• **AVAILABLE DATA**
BEGIN

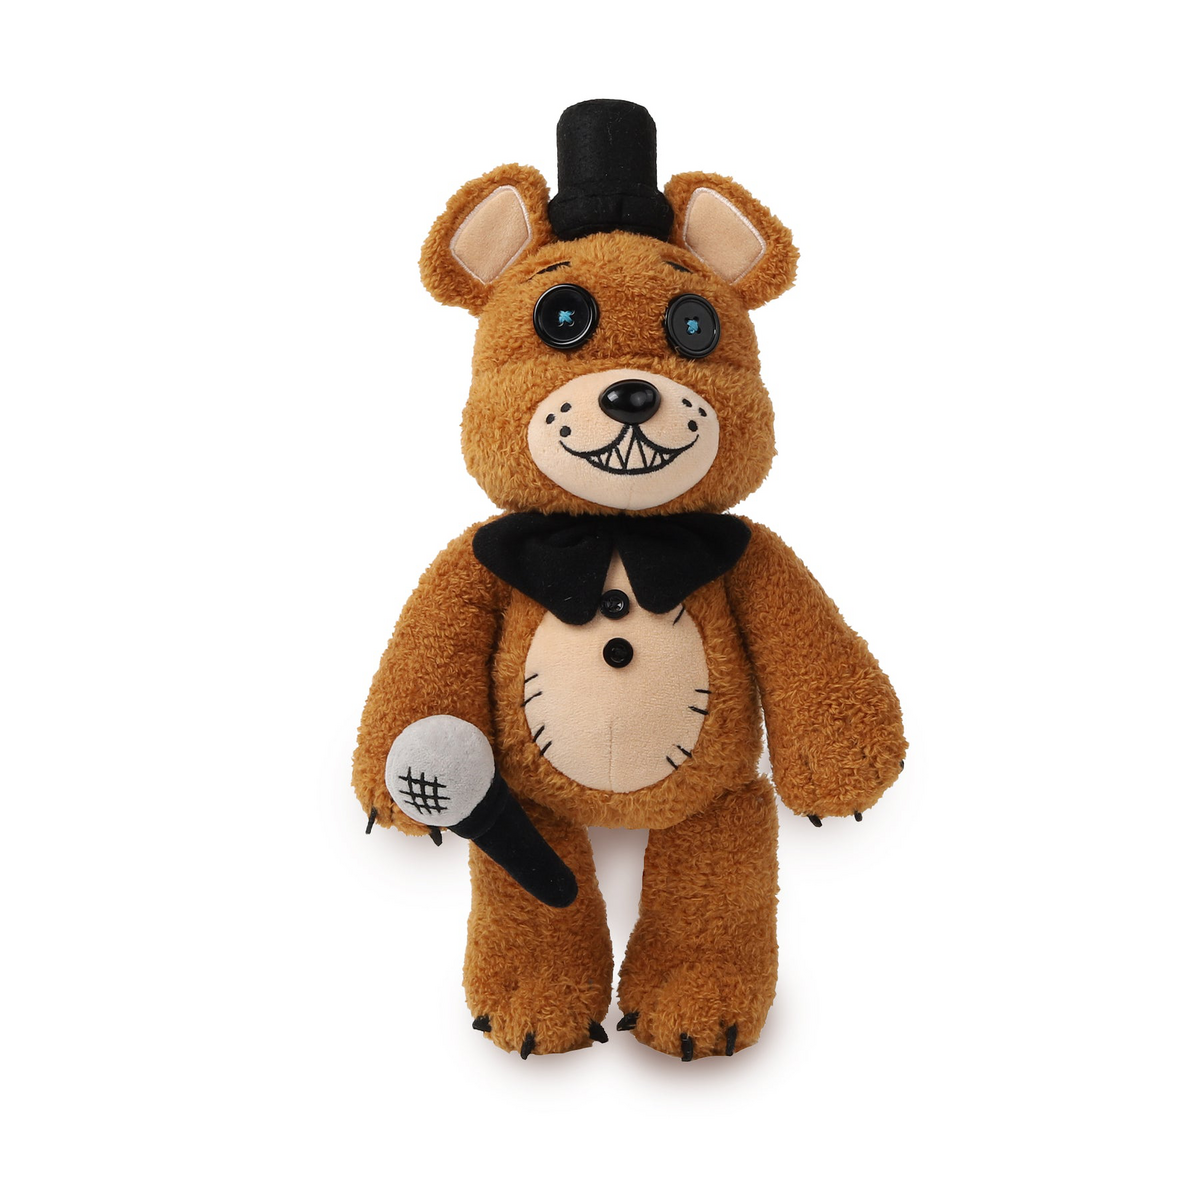 FNAF Five Nights at Freddy's Plushie Toy 7 Plush Bear Foxy Bonnie Chica
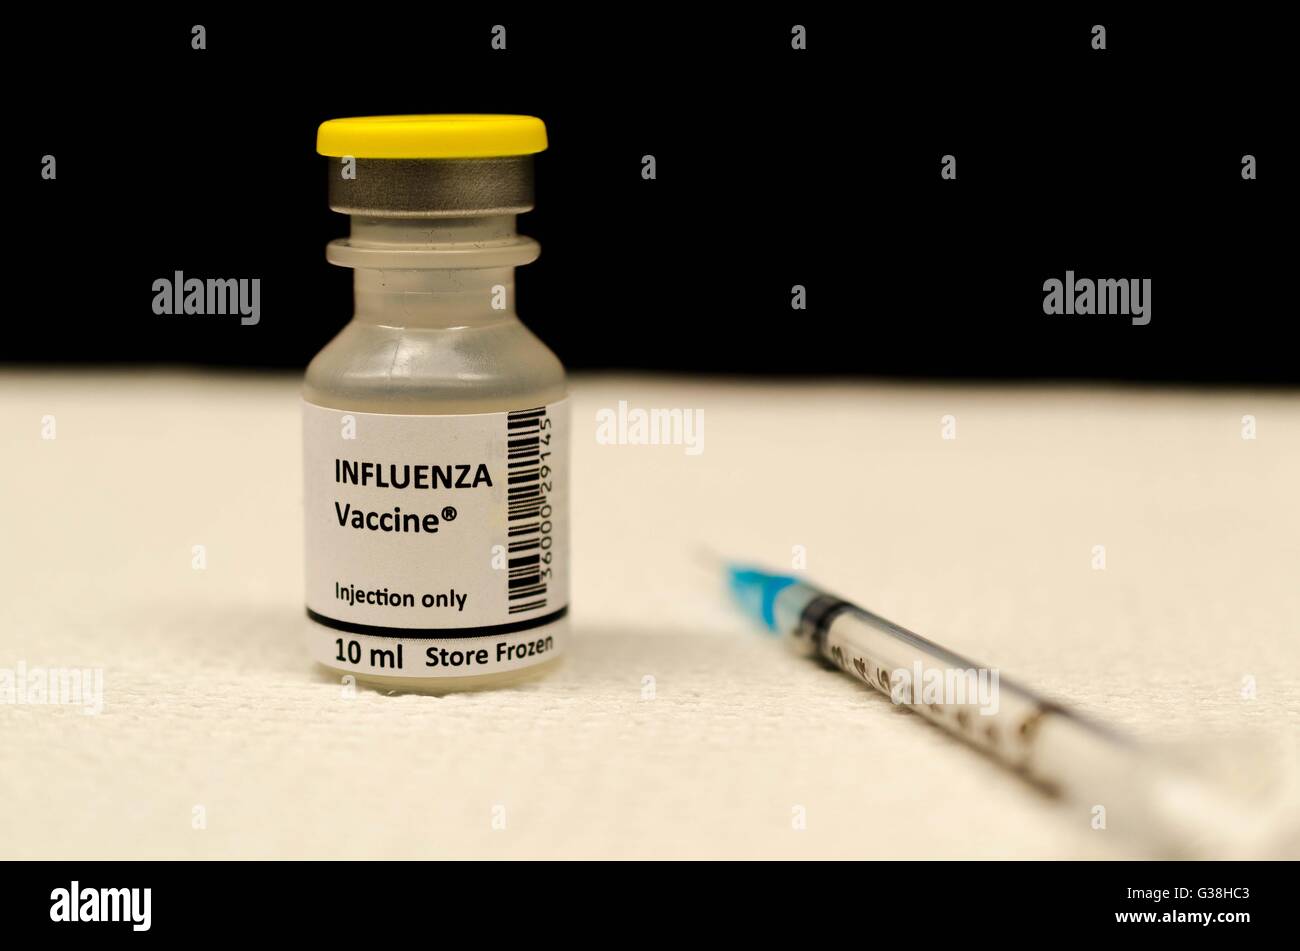 Flu shot and influenza vaccine Stock Photo
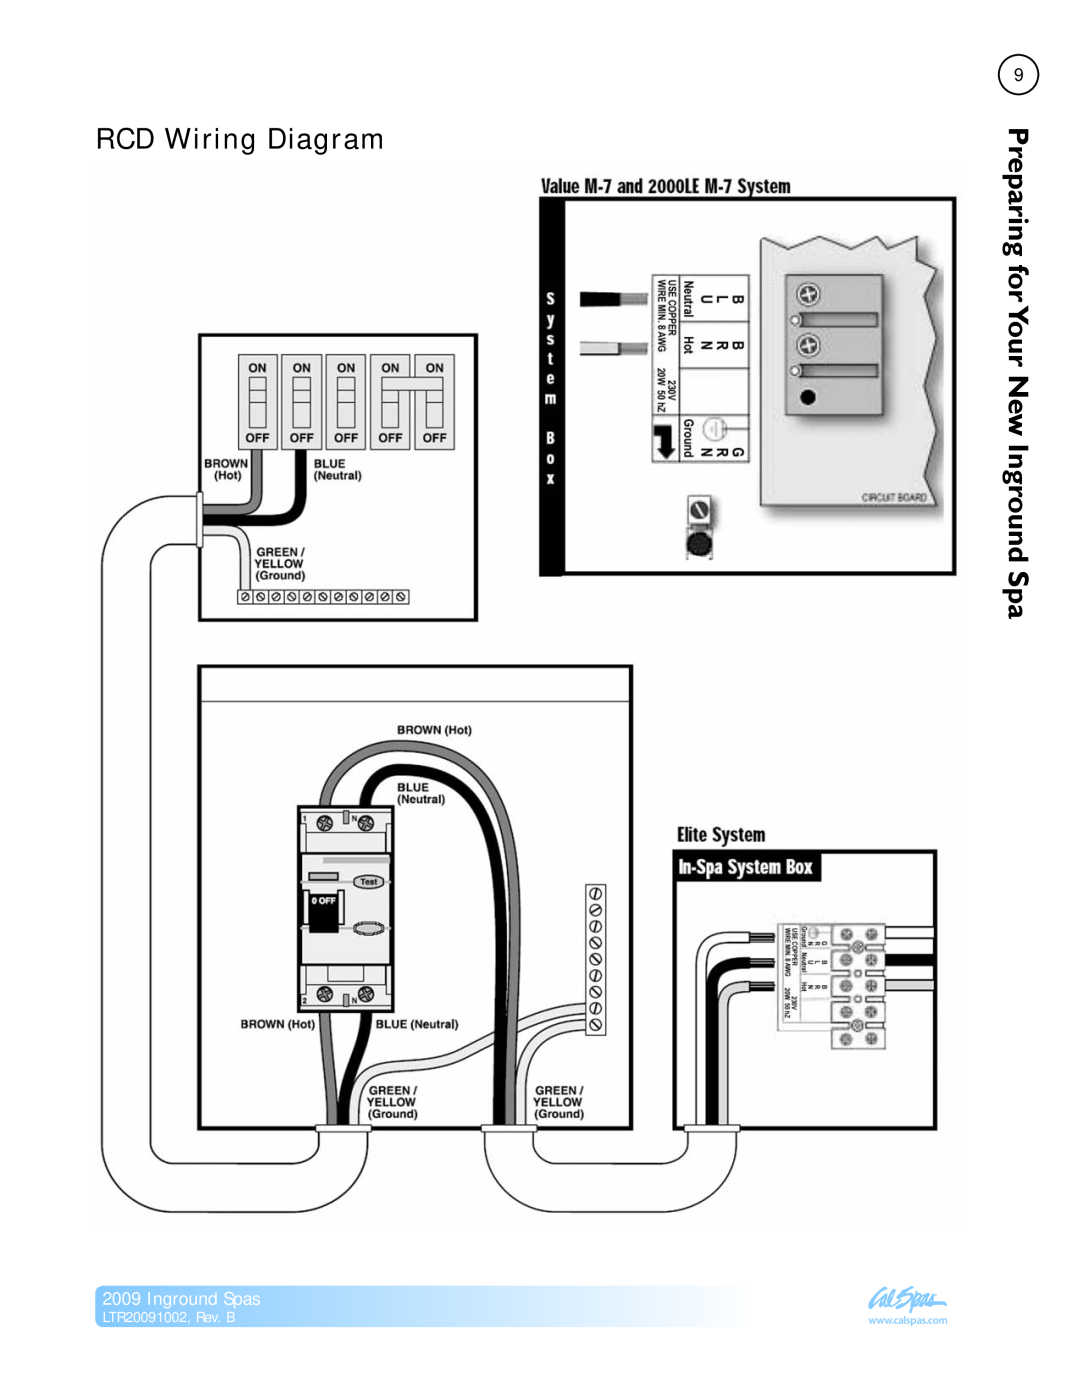 Cal Spas manual RCD Wiring Diagram, Your New Inground Spa, Inground Spas, LTR20091002, Rev. B, Preparingfor

END

• **WHAT YOU ARE ASKED TO DO**
The copy should hold, exactly, the lines from the one containing "Flu shot and influenza vaccine Stock Photo" to the final line of the listing above, with both ends present and no pictures.

• **ANSWER TO THIS TASK**
 Flu shot and influenza vaccine Stock Photo
 Cal Spas manual RCD Wiring Diagram, Your New Inground Spa, Inground Spas, LTR20091002, Rev. B, Preparingfor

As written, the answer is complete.